Given the distance between Gwadar and China’s main population and industrial centers, transport of goods from and to Gwadar makes no economic sense. And given that China has more than 2,000 ports of which 130 are open to foreign ships and that China’s largest metropolitan areas and its industrial hubs are all only a few hundred kilometers from China’s ports, transport of goods via land route makes least viable economic sense.
Therefore, Farrukh argues, for instance if oil is transported from Gwadar to China’s population and industrial hubs, the cost would come out to be around US$70 per cubic meter as against the current cost of $10 per cubic meter. He further argues, “moving a barrel of oil from Ras al Tanura (in Saudi Arabia) to Shanghai in a two million barrel vessel moving at a speed of 23 km per hour at a ship rate of $80,000 per day will cost $0.90 a barrel, and moving a seaborne barrel of oil from Ras al Tanura to Gwadar and then overland to Chongqing will cost anywhere from a low of $7.15 to a high of $12.40 per barrel.” as
The cost of building the overland rail network connecting Pakistan and China has already jumped from US$3.56 billion to US$8 billion. Hence, the classic case of what the authors of the Oxford study have termed cost overruns and benefit shortfalls and overestimation of benefits and underestimation of costs.

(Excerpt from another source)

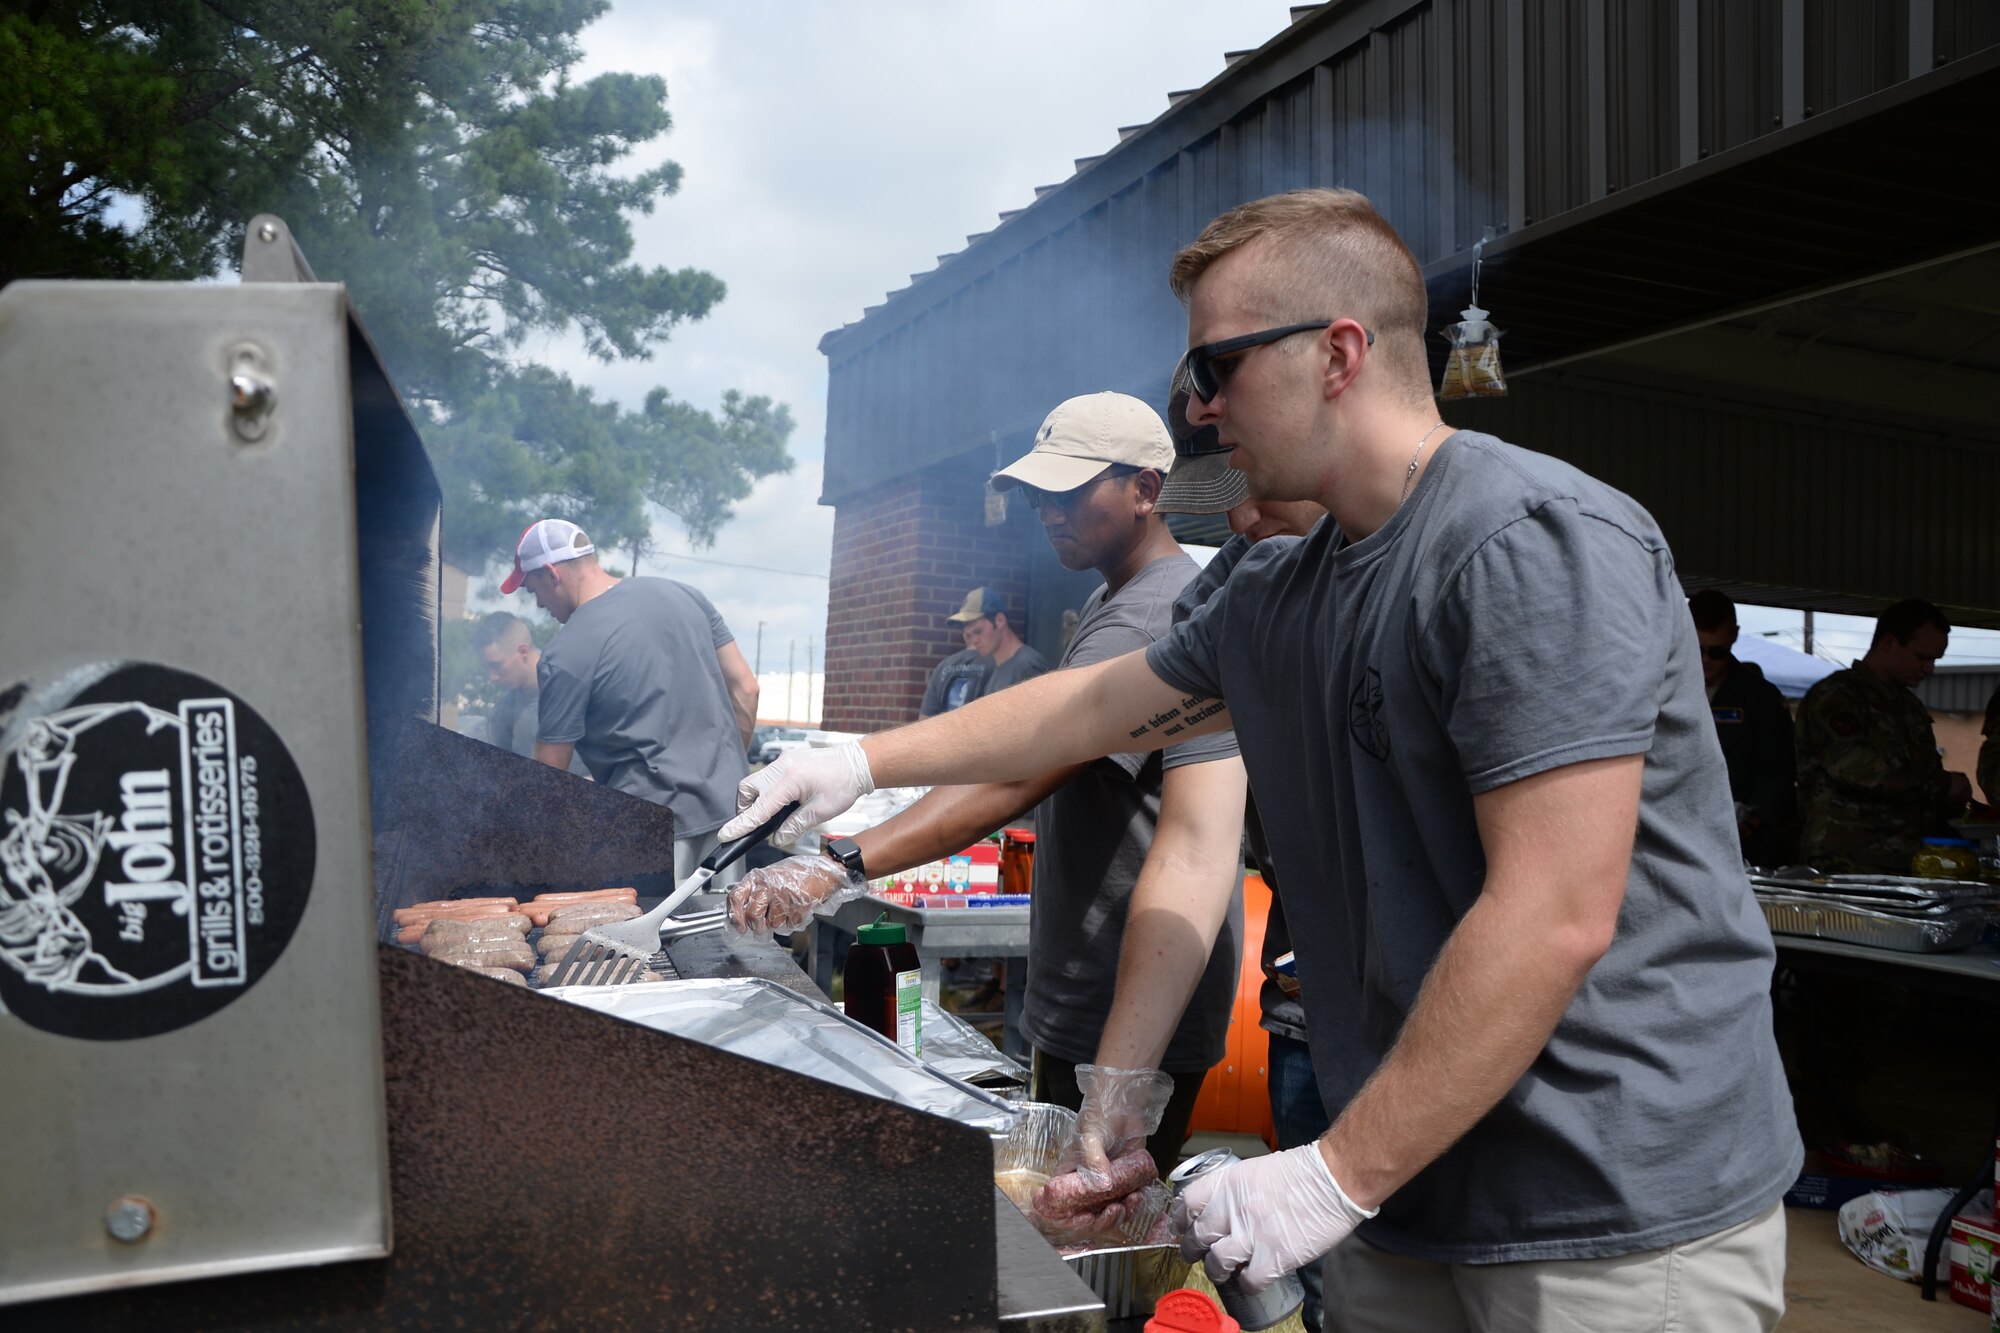 Members of the 14th Student Squadron grill burgers and brats during a barbeque Aug. 22, 2019, on Columbus Air Force Base, Mississippi. The barbeque was part of a Tactical Pause geared toward building resiliency amongst Airmen. (U.S. Air Force photo by Senior Airman Beaux Hebert)

How this high-cost transport of oil will impact China’s economy is not difficult to discern. Furthermore, this route will have the capacity to transport approximately only 175,000 barrels per day as against China’s need to import close to 8 million barrels per day at its peak efficiency. Given this capacity, 175,000 barrels a day means next to nothing for China’s economic needs. Hence the question: how viable and economically efficient this whole corridor will turn out to be for China in the long run?

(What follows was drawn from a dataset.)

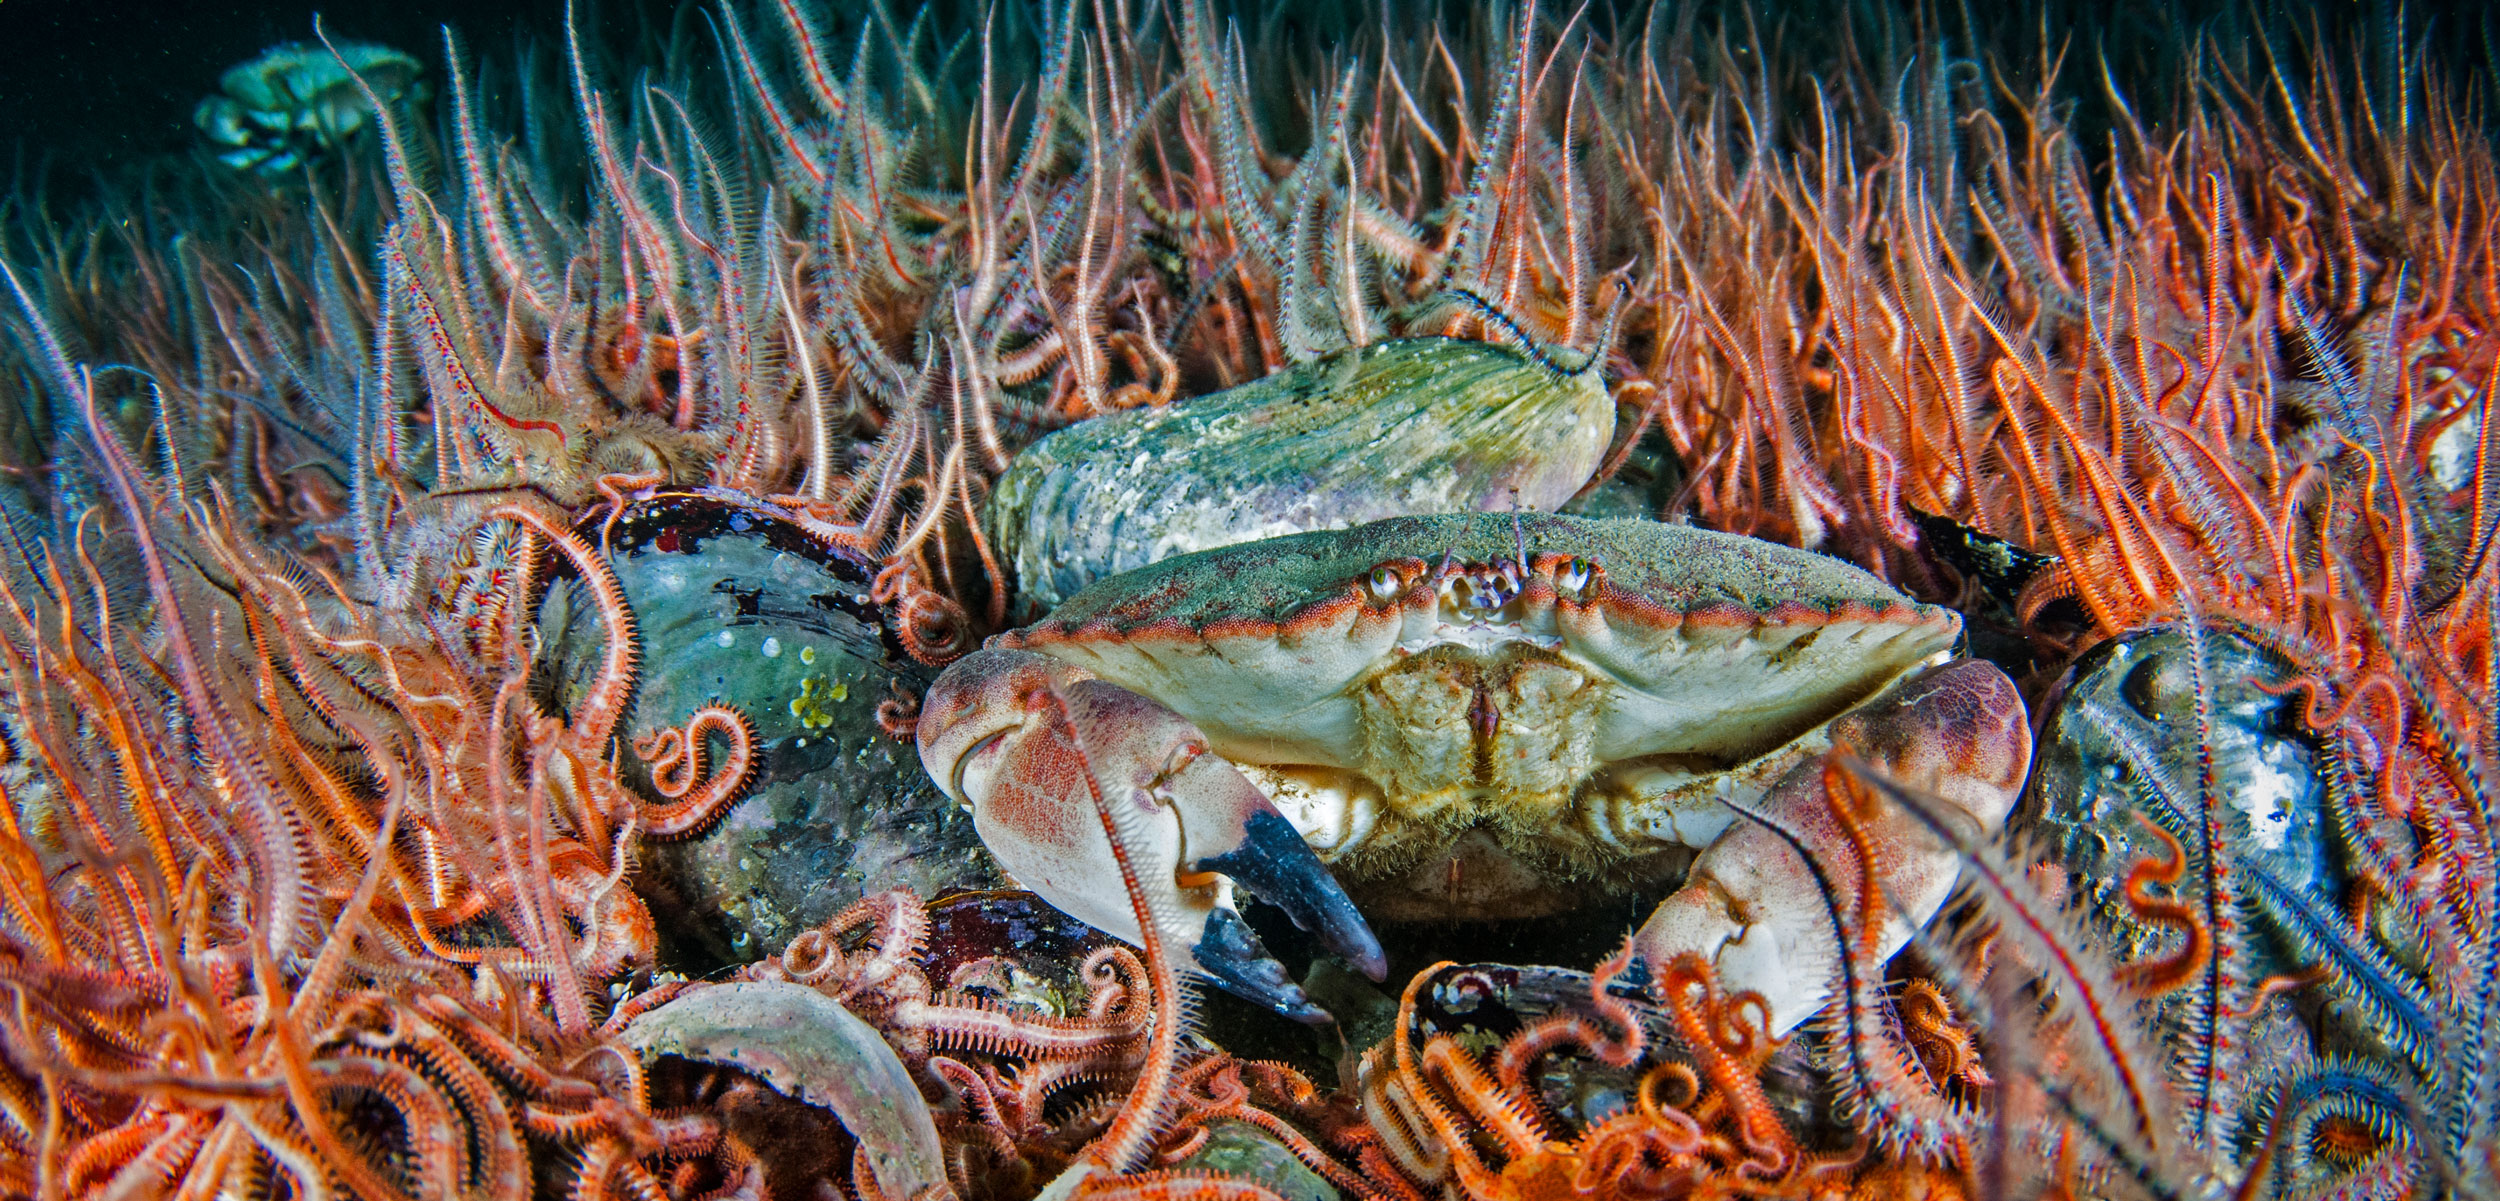 edible crab surrounded by brittle stars

While the ‘cost overrun and benefit shortfall’ will crucially impact Pakistan too, China does not stand to gain much of what it is being expected out of CPEC. Given the extremely poor performance of a great majority of such projects in China, the question that many economists and analysts in Pakistan and elsewhere are asking is: will CPEC be yet another addition to China’s already high proportion of non-performing loans and pile of debt?
While the case in hand, CPEC, does suggest that (over)investment in economically inviable infrastructural projects does not per se guarantee development, the said study has also brought forth many evidences that show the worrying side of China’s otherwise high-economic growth and the ultimate end it is headed to: financial and economic crisis. Hence the question for the countries seeking to jump on the China’s bandwagon: should they necessarily be basking in China’s ‘glory’?